The siege sequence are competently tense and effective, though somewhat lessened after the fact by a pretty stupid and not exactly surprising plot twist, so there’s really very little to complain about here. Beyond the fact this isn’t the film about a preacher crucifying cult and/or screaming godhoods I was hoping for, but October is still young.

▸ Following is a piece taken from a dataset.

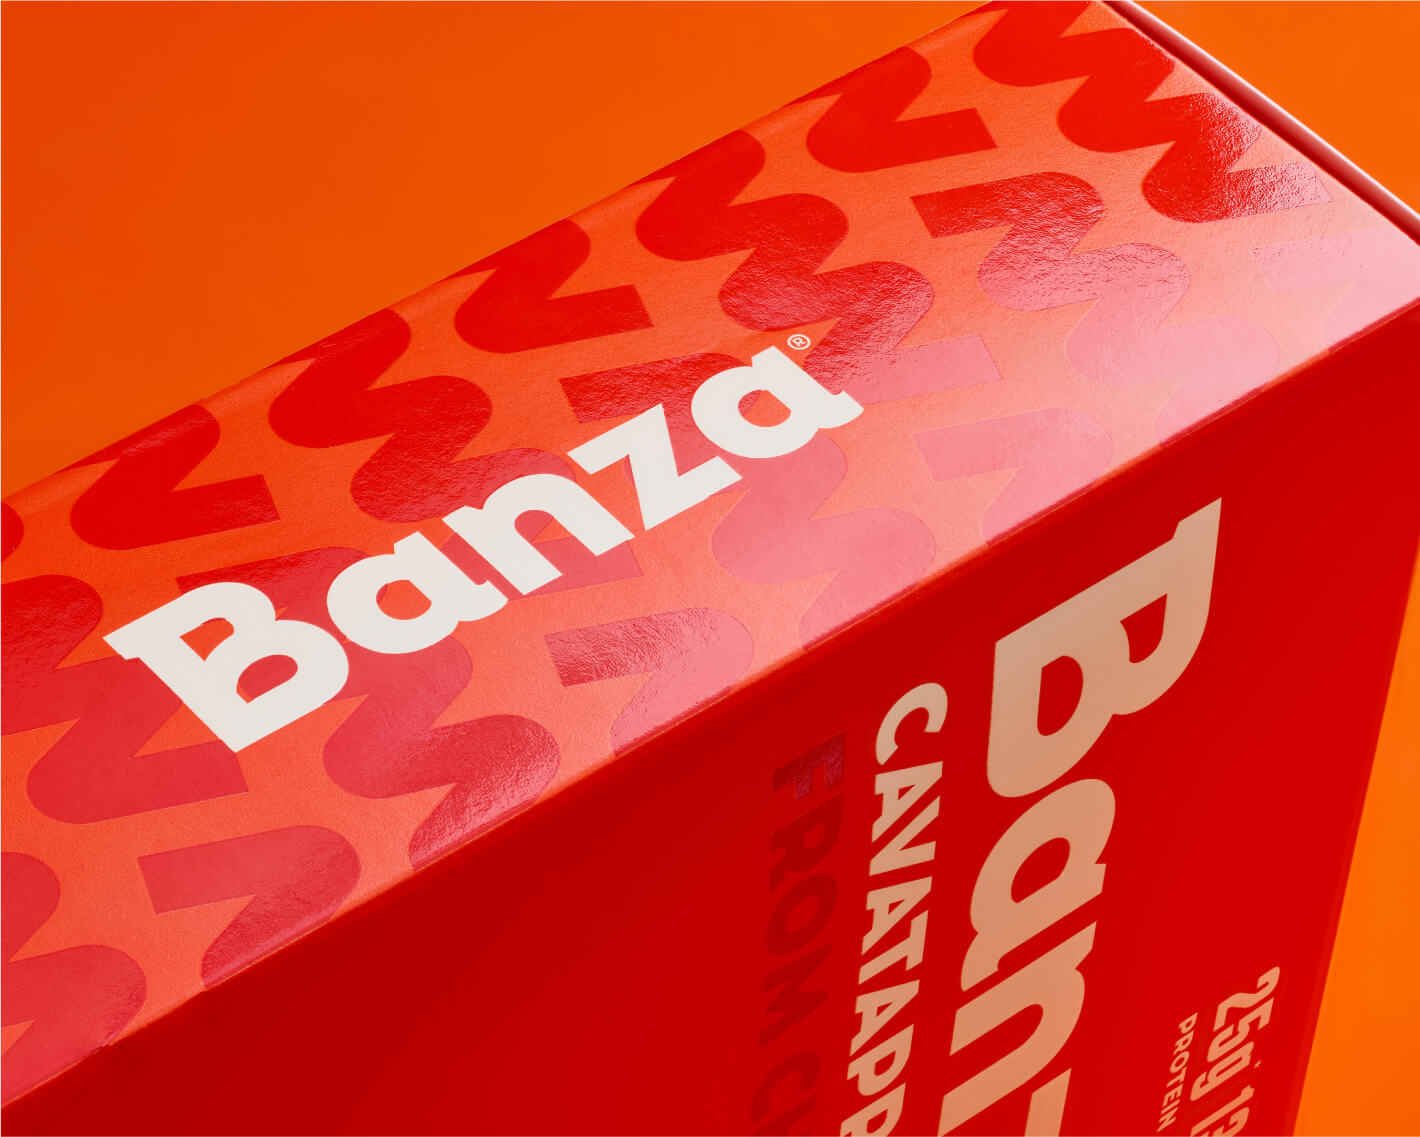 gander-banza-box-side@2x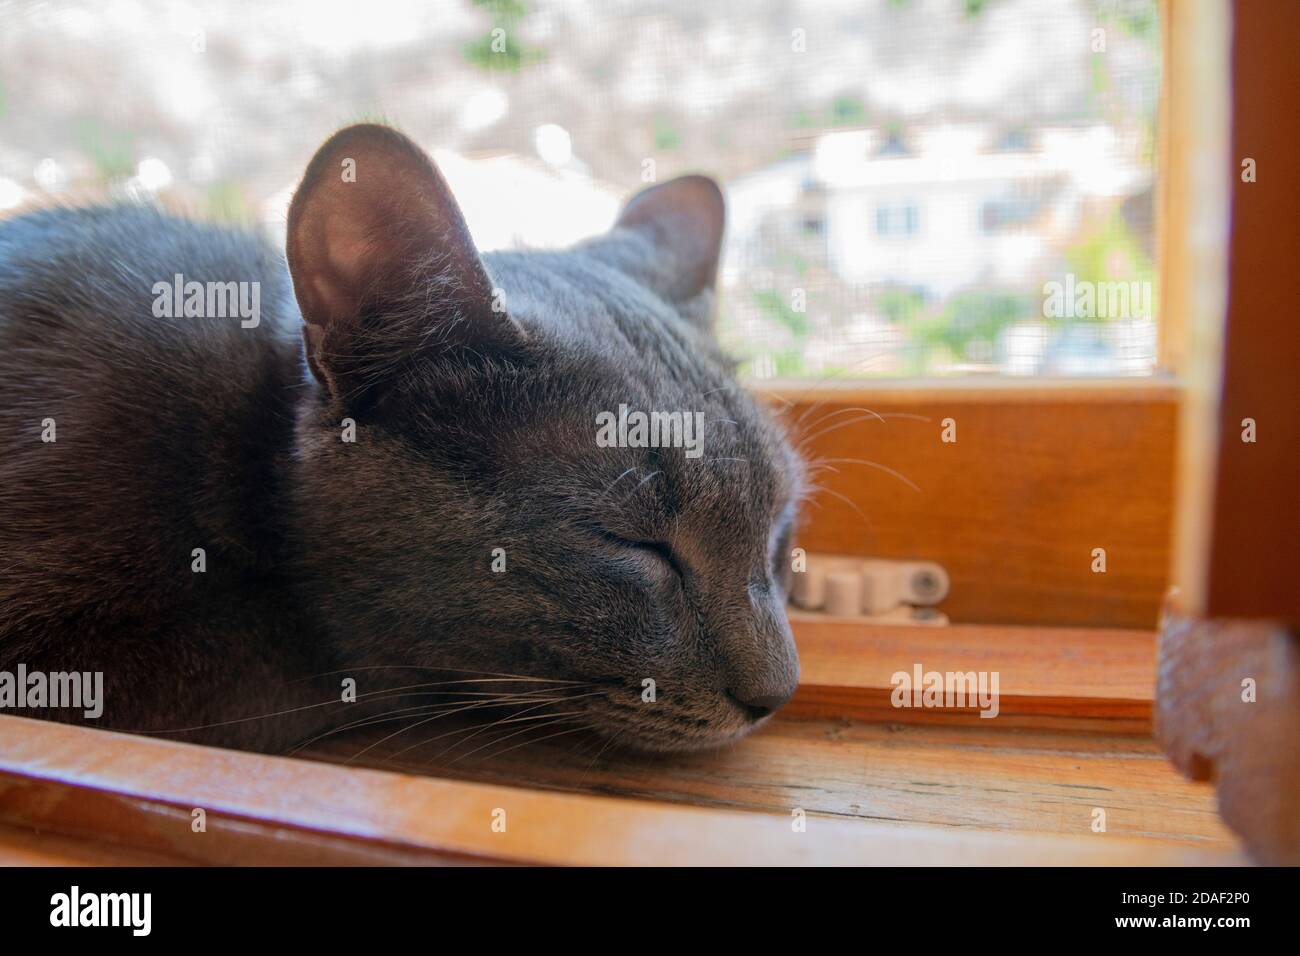 Gros plan sur la tête d'un chat gris dormant à l'intérieur d'un rebord de fenêtre en bois par une journée ensoleillée. Elle a l'air très paisible et adorable avec sa fourrure moelleuse. Banque D'Images

Tuesday, September 8, 2015

In short: Night Creature (1978)

aka Out of the Dark

While hunting a man-eating leopard, Great White Hunter – and in a turn absolutely telegraphing the film’s idea of subtlety also former war photographer, race car driver and so on – Axel MacGregor (Donald Pleasence, for reasons only known to him acting his ass off in a film that really doesn’t deserve him) is nearly killed by the beast, and mauled enough for a decoratively stiff leg. For the first time in his life, MacGregor has to admit he is feeling fear, so he does the obvious thing to restore his manhood: he pays various hunting parties to catch the animal alive, so he can let it loose on his private island and either kill it to restore his manhood or die in a really stupiddignified manner.

Alas, his half-estranged daughters Leslie (Nancy Kwan) and Georgia (Jennifer Rhodes), Georgia’s little daughter Peggy (Lesly Fine), Georgia’s bed buddy (and soon to be Leslie’s boyfriend) Ross (Ross Hagen), use just this moment for a nice family visit. So, while MacGregor is wandering through his island wilderness, the leopard has rather more tasty targets set before it, with a Yorkshire terrier as an aperitif, even.

On paper, Lee Madden’s Night Creatures does sound like a rather good idea, for the deconstruction of the Great White Hunter by confronting him with his failure as a father might not be the newest idea, but certainly is one that by all rights should be a decent base for an animal attack thriller with a bit more going below the surface.

Alas, that’s not this film, because the idea of keeping themes or ideas where someone in the audience might miss them seems to have been anathema to the people involved in the production. Consequently, the actors are permanently telling each other their inner states and the film’s themes beside the whole Pleasence/leopard duel in impossibly wooden dialogue full of bad 70s pop psychology, empty melodramatics and the kind of therapy speech that to me always suggests a complete disconnect with actual human psychology, not to speak a total absence of either believable, or beautiful, or simply effective dialogue writing.

It doesn’t help that only one of the three core actors – Pleasence, obviously - is actually good enough to deliver this dross with conviction and style, while Kwan in particular drones the nonsense with all the emotional involvement of robot, and Hagen’s only there to show off his chest and a lot of hair.

Whenever Pleasence is alone, or just stalking through the jungle, the film nearly becomes worthwhile, though Madden does his best to sabotage even these moments via judicious over-application of stylistic elements like freeze frames as well as random slow-motion and meaningful editing that is on the same level of intelligence and subtlety as the writing. Only from time to time, Madden stumbles upon a moment that actually is meaningful and effective (like the first major character death), but these moments of poignancy are, as is Pleasence’s effort, buried under so much dross I quickly found myself actually annoyed at the film’s empty gestures that only ever destroy the depth they are supposed to create.